鹿児島県・桜島に位置する「ふるさと観光ホテル」と「桜島シーサイドホテル」。観光地として知られたこの二つのホテルには、ある事件をきっかけに奇妙な噂がささやかれるようになった。今回は、ふるさと観光ホテル・桜島シーサイドホテルにまつわるウワサの心霊話を紹介する。
ふるさと観光ホテル・桜島シーサイドホテルとは?

桜島ふるさと観光ホテルは、鹿児島市古里町にかつて存在した温泉宿泊施設である。
1935年(昭和10年)に創業し、桜島観光の拠点として長年にわたり賑わいを見せてきた。
目の前に広がる錦江湾、そして龍神が住むと伝えられる海辺の露天風呂は、多くの旅行者を魅了した。
しかし、2012年、度重なる降灰による影響や観光客減少を受けて閉業。以降は廃墟となり、外部からの不法侵入やゴミの不法投棄などで荒れ果てた状態が続いていた。
一方、隣接する桜島シーサイドホテルは1972年創業の宿泊施設で、現在も営業を続けている。
国道224号線、通称「溶岩道路」沿いにあり、アクセスの良さから観光客も多い。
だが、そんな二つのホテルに、ある悲惨な事件が起きてからというもの、不気味な現象がささやかれるようになった。
ふるさと観光ホテル・桜島シーサイドホテルの心霊現象
ふるさと観光ホテル・桜島シーサイドホテルの心霊現象は、
- 少年の霊が現れる
- 誰もいないのに泣き叫ぶ子どもの声がする
- 空室のはずの部屋から人の気配がする
- 廊下を徘徊する影が目撃される
である。以下、これらの怪異について記述する。
2021年2月、桜島シーサイドホテルの一室で、世間を震撼させる事件が発生した。
一人の男性が幼い我が子ふたりを絞殺し、自身もその部屋のベランダから飛び降りたのである。
男は奇跡的に命を取り留めたが、部屋には「3人で死にたかった」「葬儀をしてほしい」と記された遺書が残されていた。

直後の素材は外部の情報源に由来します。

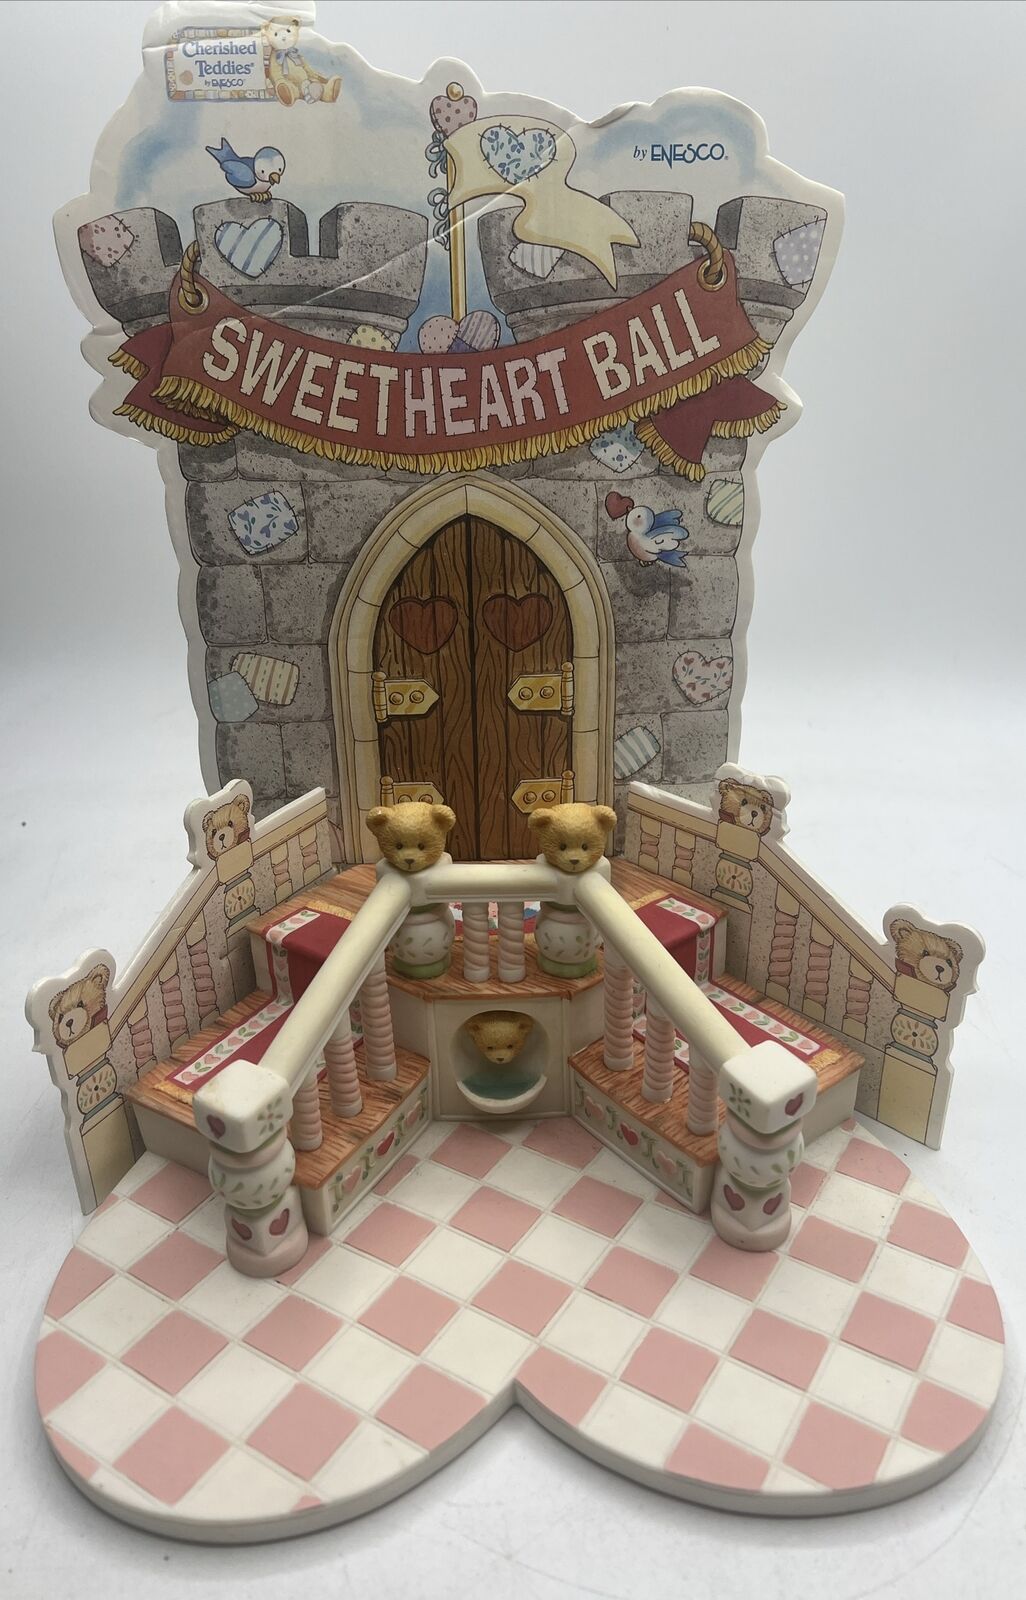 Enesco 1995 Cherished Teddies Sweet Heart Ball Display Stand CRT096

この男は事件の直前に離婚し、シングルファザーとして二人の子どもを育てていたが、育児に行き詰まり、虐待の報告も度々あったという。
そして、後日彼の実家では、さらにもう一人の養子が死亡しているのが発見される。
この連続的な死と重苦しい背景は、ホテルに異変をもたらした。
事件以降、桜島シーサイドホテルの4階廊下で、夜な夜な子どもの泣き声が響くようになったと利用者の間で噂される。
特に事件のあった部屋に近づいた者の中には、「誰もいないのに視線を感じた」「部屋の前で小さな影が立っていた」と証言する者もいる。
さらに廃墟となったふるさと観光ホテルでは、少年の霊らしき存在が廊下を走る姿や、窓際にじっと佇む影が何度も目撃されているという。
不気味なのは、それがいつも決まって“夕方以降”に現れるという点だ。日が沈み、闇が建物を覆い始めた頃、何かが“動き出す”と感じる者が後を絶たない。
ふるさと観光ホテル・桜島シーサイドホテルの心霊体験談
ある男性は、桜島シーサイドホテルの4階に宿泊した際、深夜に目が覚め、誰もいないはずの廊下から足音を聞いたという。
やがてその足音は部屋の前で止まり、ノックのような音が数回続いた。
だが、ドアを開けてもそこには誰もおらず、部屋の空気は異様なほど冷えていたという。
また別の宿泊者は、浴場から戻る途中、4階の窓の外に“子どものような手”が張り付いているのを見た。
もちろんその高さは、人間が外から立って手を伸ばせるような場所ではなかった。
ふるさと観光ホテル・桜島シーサイドホテルの心霊考察
この一連の心霊現象は、単なる偶然や恐怖心の産物で片付けられるだろうか。
事件によって命を絶たれた子どもたちの怨念が、その場に“残ってしまった”と考えるのが自然である。
ましてや彼らの死は、愛情を求めるべき最も近しい存在によってもたらされたものであり、その悲しみと絶望は想像を絶する。
ふるさと観光ホテルという朽ち果てた建物は、霊的存在が留まりやすい「場」となってしまったのかもしれない。
すでに廃墟であるこのホテルに、時折現れる少年の霊は、無念の象徴として人々に警告を発しているのではないか。
そして桜島シーサイドホテル。営業を続ける現在も、その4階の一角には異変を感じる者が後を絶たない。
人は何かを感じ取る力を持っている。声なき声に耳を傾けたとき、そこに確かに「何かがいる」と感じたなら、それは想像ではない。
冗談半分で立ち入るべき場所ではない。
そこには、今なお“終わっていない出来事”が、確かに存在しているのだから。